Flags should compose with bitwise OR. APIs accepting flags must reject flag combinations that the module does not support.

Pattern methods

Pattern must expose at least these methods:

def match(self, string: str, pos: int = 0, endpos: int = sys.maxsize) -> Option[Match]: ...
def fullmatch(self, string: str, pos: int = 0, endpos: int = sys.maxsize) -> Option[Match]: ...
def search(self, string: str, pos: int = 0, endpos: int = sys.maxsize) -> Option[Match]: ...
def finditer(self, string: str, pos: int = 0, endpos: int = sys.maxsize) -> Iterator[Match]: ...
def split(self, string: str, maxsplit: int = 0) -> list[str | None]: ...
def sub(self, repl: str | Callable[Match, str], string: str, count: int = 0) -> Result[str, PatternError]: ...
def subn(self, repl: str | Callable[Match, str], string: str, count: int = 0) -> Result[Tuple[str, int], PatternError]: ...

match must attempt a match at pos. search must scan from pos through endpos. fullmatch must require the whole selected range to match. finditer must yield non-overlapping matches from left to right and must make progress after empty matches.

split must follow Python's important captured-separator behavior: if the separator pattern contains capturing groups, captured separator text must appear in the returned list, and unmatched optional separator groups must appear as None. If the pattern contains no capturing groups, only the split fields should appear.

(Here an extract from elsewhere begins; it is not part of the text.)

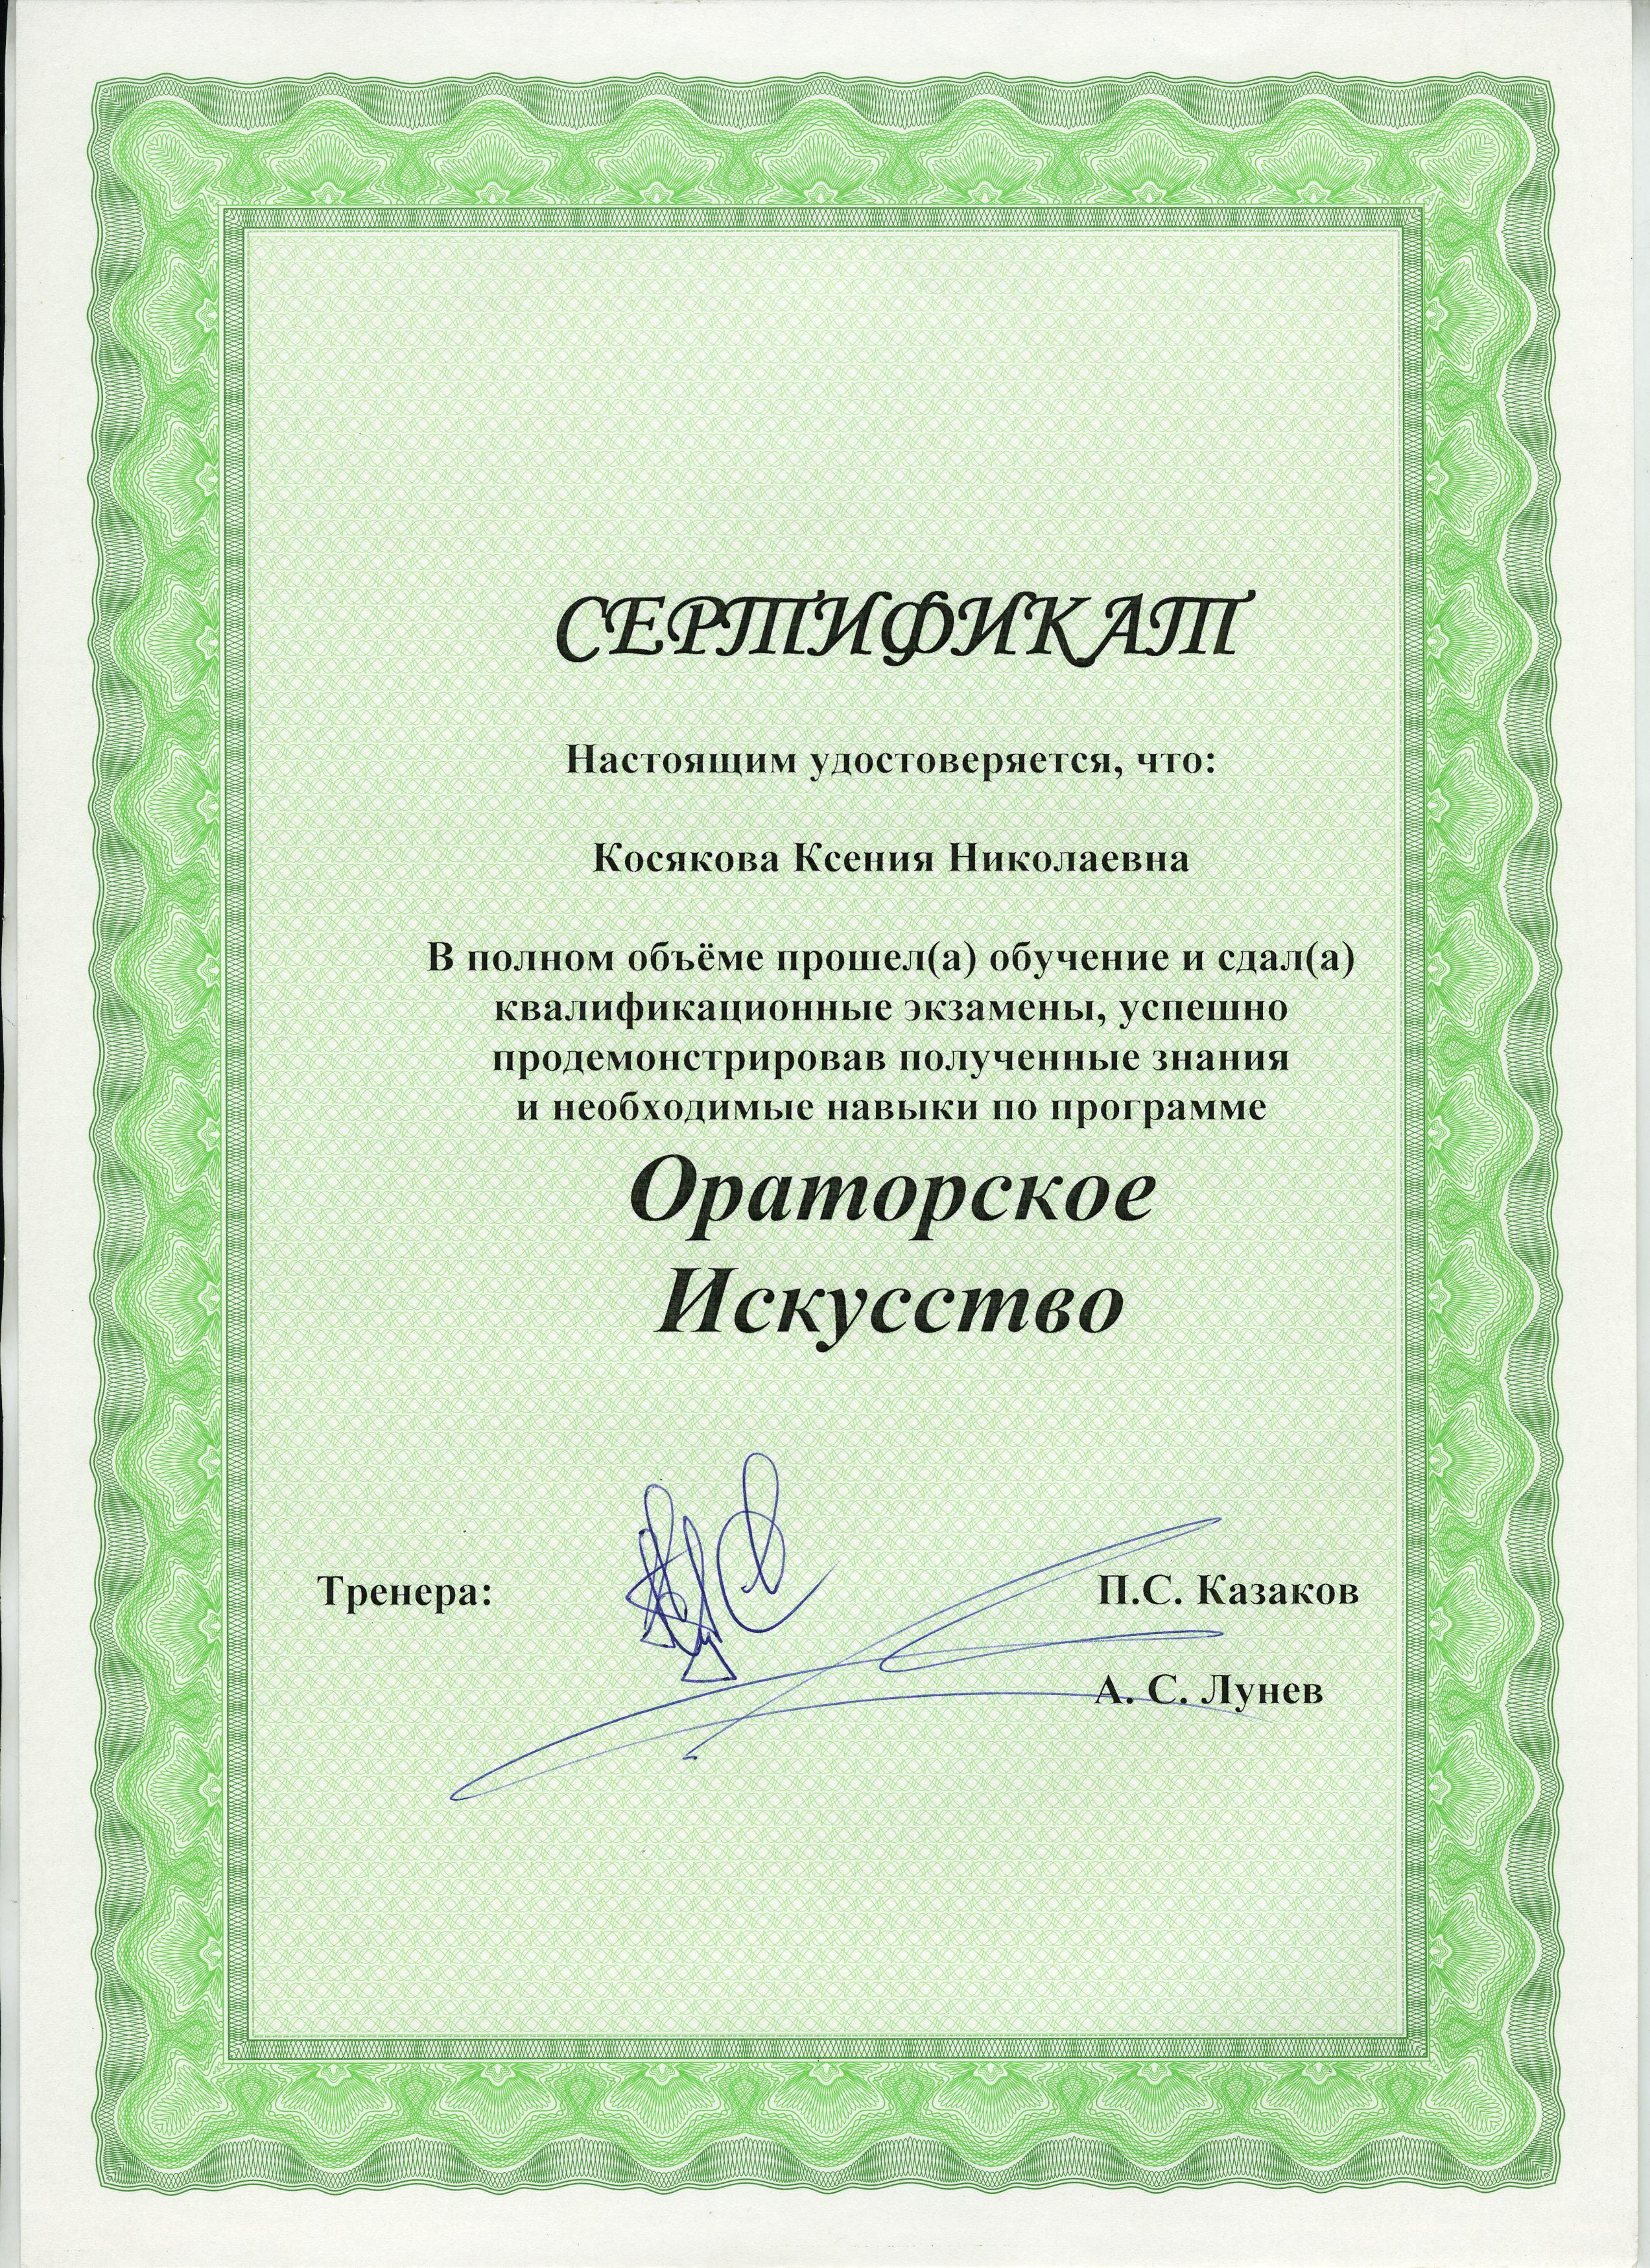 Сертификаты Ксении Шварц 7

sub must return the substituted string. subn must return the substituted string and the number of substitutions performed. A count of 0 must mean no replacement limit, matching Python's convention.

Module helper functions

The module helper functions must compile the pattern and then delegate to the corresponding Pattern method. Their signatures should follow this shape:

def match(pattern: str | Pattern, string: str, flags: int = 0) -> Result[Option[Match], PatternError]: ...
def fullmatch(pattern: str | Pattern, string: str, flags: int = 0) -> Result[Option[Match], PatternError]: ...
def search(pattern: str | Pattern, string: str, flags: int = 0) -> Result[Option[Match], PatternError]: ...
def finditer(pattern: str | Pattern, string: str, flags: int = 0) -> Result[Iterator[Match], PatternError]: ...
def split(pattern: str | Pattern, string: str, maxsplit: int = 0, flags: int = 0) -> Result[list[str | None], PatternError]: ...
def sub(pattern: str | Pattern, repl: str | Callable[Match, str], string: str, count: int = 0, flags: int = 0) -> Result[str, PatternError]: ...
def subn(pattern: str | Pattern, repl: str | Callable[Match, str], string: str, count: int = 0, flags: int = 0) -> Result[Tuple[str, int], PatternError]: ...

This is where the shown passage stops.